Take the log base 2 of 16
log(x = 16,
base = 2)
## [1] 4
In essence, log10(x)
is just a shortcut for
log(x, base = 10)
log10(x = 1000)
## [1] 3
log(x = 1000,
base = 10)
## [1] 3
Summarizing data functions
Transformative functions take a single value and change it to a different value:
round()
log()
sqrt()
What a summarizing function does is take a vector (multiple values) and convert it into a single number (or handful of numbers, depending on the function).
No matter how long the vector is, a summarizing function will always return the same number of values in the end
Common summarizing functions we’ll see are:
mean()
median()
sum()
length()
Calculate the number of elements in a vector
# Create a vector of ages as a demo vector
ages <- c(18, 22, 21, 18, 19, 19)
mean(x = ages)
## [1] 19.5
median(x = ages)
## [1] 19
sum(x = ages)
## [1] 117
length(x = ages)
## [1] 6
range(x = ages)
## [1] 18 22
fivenum(x = ages)
## [1] 18 18 19 21 22
The difference between a summarizing function and a transformative function is what happens when you give them a vector of values:
sqrt(ages)
## [1] 4.242641 4.690416 4.582576 4.242641 4.358899 4.358899
mean(ages)
## [1] 19.5
A transformative function will apply that function to each value in the vector, while a summarizing function always returns the same number of values!
NA: The Missing Value
R denotes a missing value by the value NA. It isn’t a character, so you don’t want ‘NA’, just NA. Otherwise R will treat it as a known character that just happened to be named NA.

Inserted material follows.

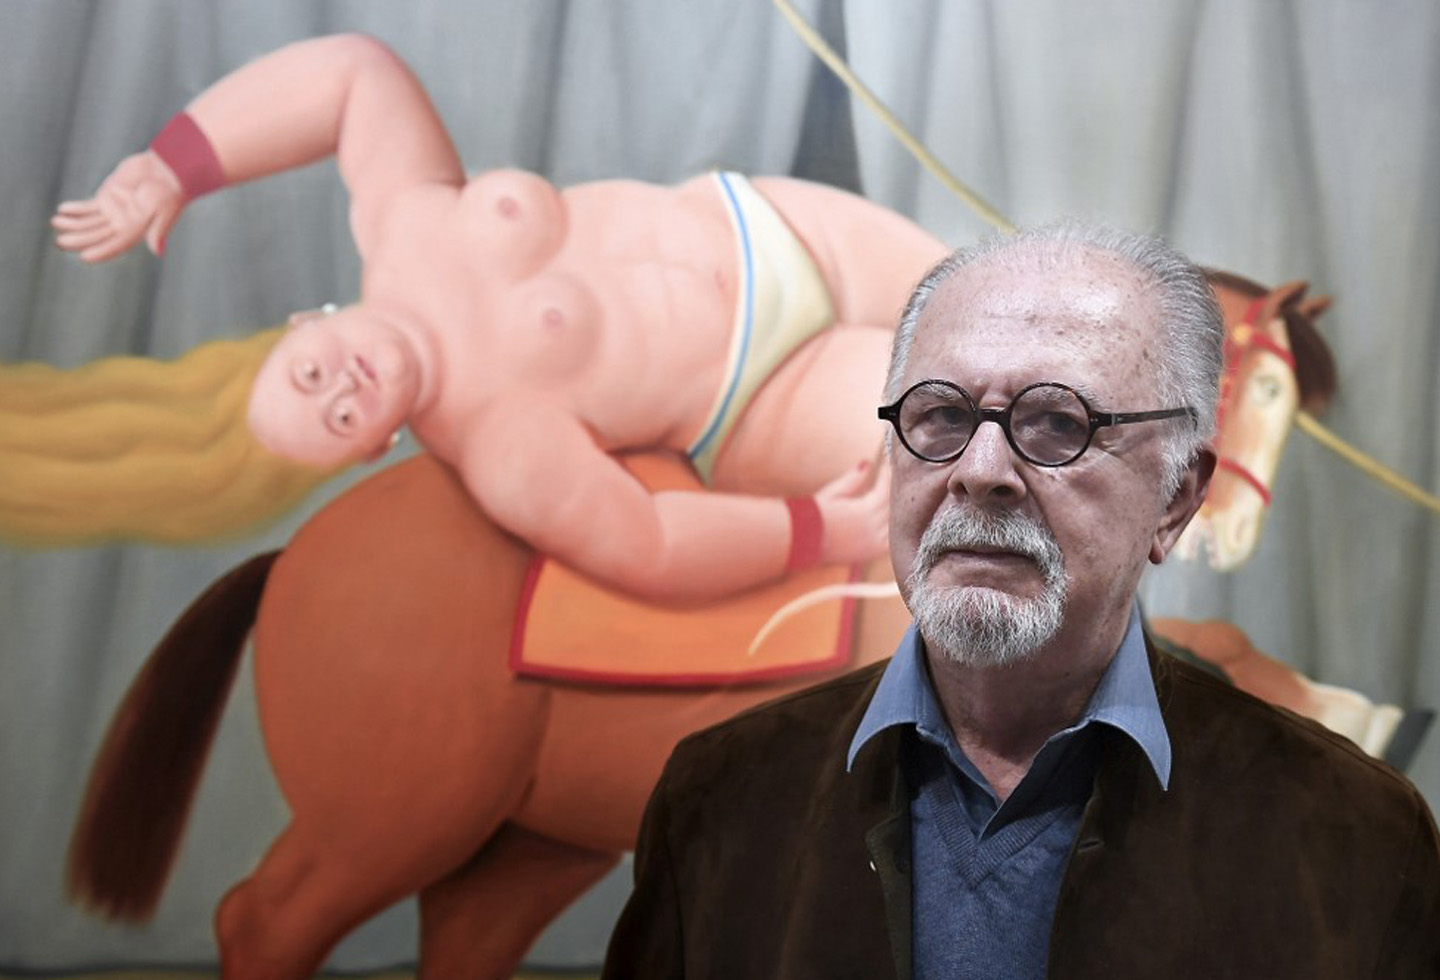 Botero celebrates his 90 years painting watercolors and with family

Note that when you type NA in the code chunk, it will be a different color than other letters (and likely will be the same color as a number!)

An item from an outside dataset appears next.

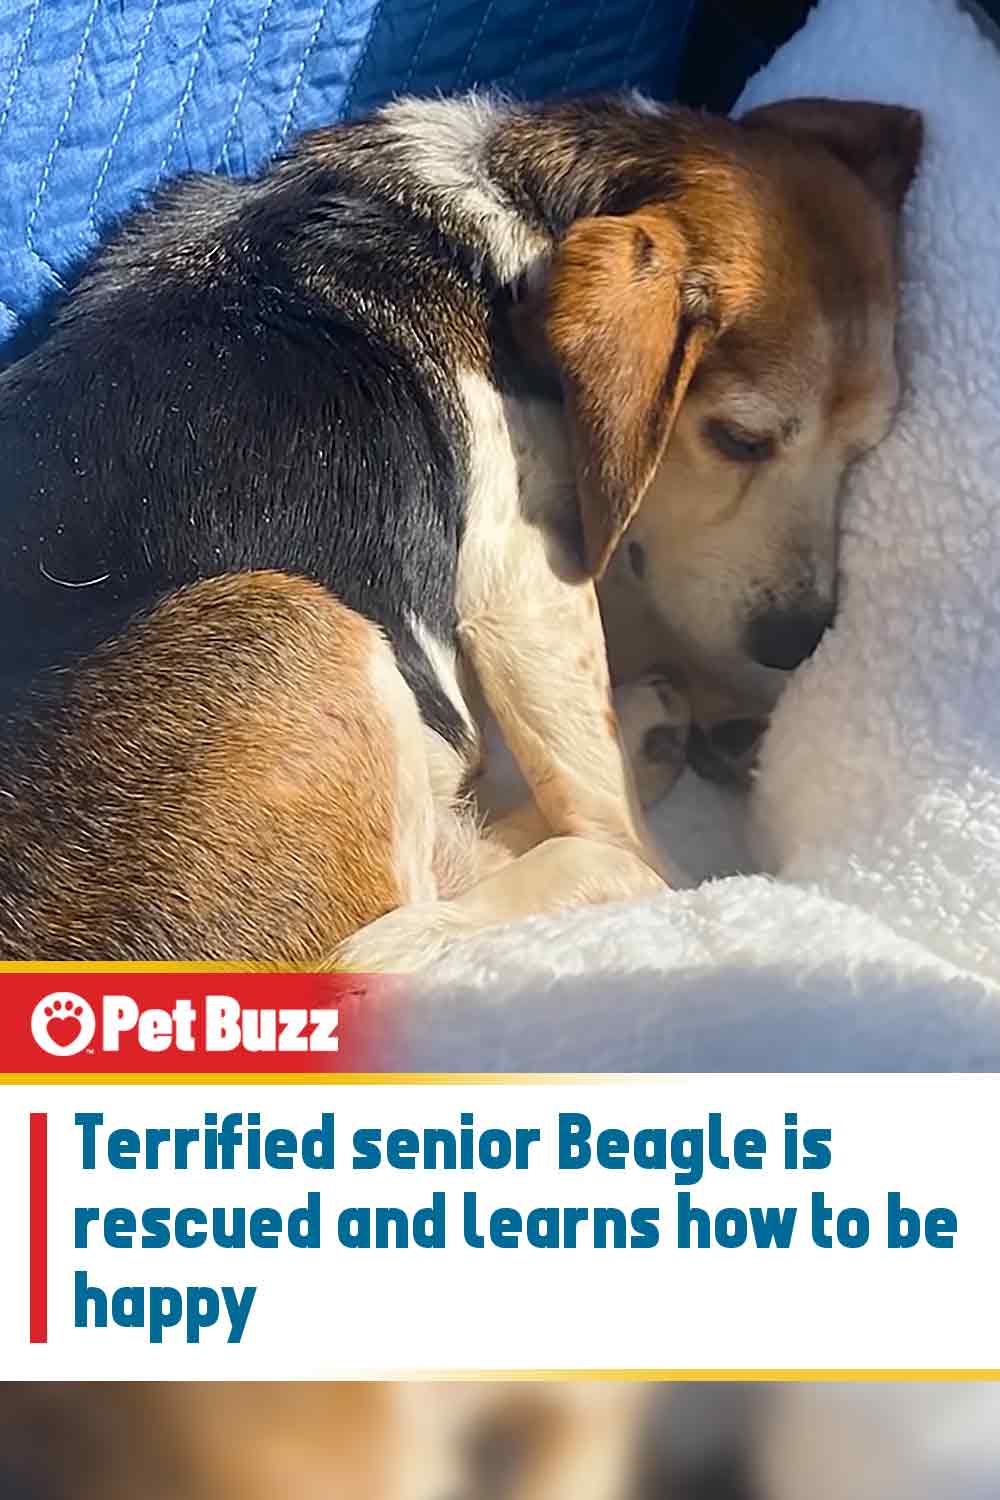 Terrified senior Beagle is rescued and learns how to be happy

Let’s add an NA value to the end of ages
and find the
mean()
. What happens when an NA is included in a
summarizing function?
ages2 <- c(ages, NA)
mean(x = ages2)
## [1] NA
It gives us back NA because as long as there is at least 1 missing value, most summarizing functions in R will give back NA.

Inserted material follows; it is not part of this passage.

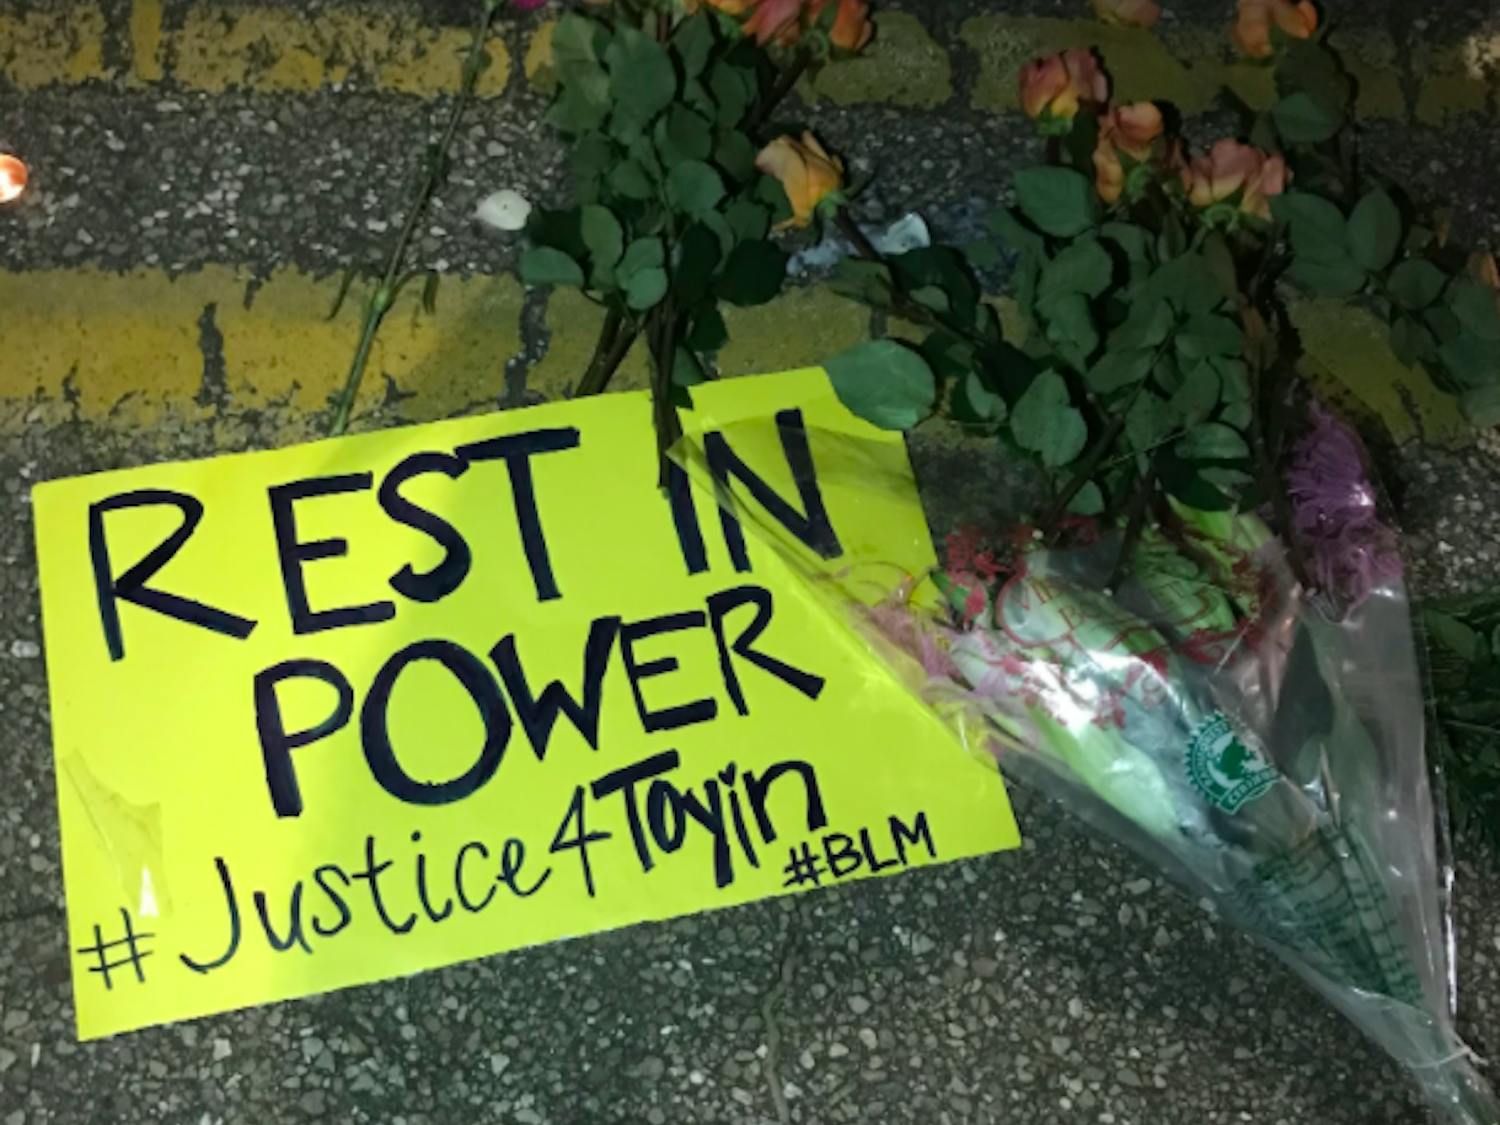 A poster that reads “REST IN POWER” and “#Justice4Toyin #BLM” lays on Monday Road in Tallahassee next to a row of flowers and candles.

The reason is this way we know that we don’t have all the data (aka there is at least 1 missing value).
We can have R ignore the missing value by adding the argument
na.rm = TRUE
which stands for “Not Available: Remove” and
we want to tell it yes (yes = TRUE
)
mean(x = ages2,
na.rm = T)
## [1] 19.5
Now it will only use the 6 values in the data and completely ignore any NA values in the vector
Which functions require na.rm = T
and which don’t?
Unfortunately, like most answers in life, the answer is it depends.
You’ll learn which you need to specify na.rm = T
and
which removes missing values by default. But most of our default
summarizing functions defaults to na.rm = F
and will return
NA as long as there is at least 1 missing value
Getting Help inside RStudio
You can use either help(function_name)
or
?function_name
and RStudio will pull up the help menu in
the bottom right pane.
help(mean)
## starting httpd help server ... done
?sum
The help menus are very useful. I still use them frequently.
Like any language, you aren’t expected to memorize the exact name of every argument of every function. Just pull up the help menu!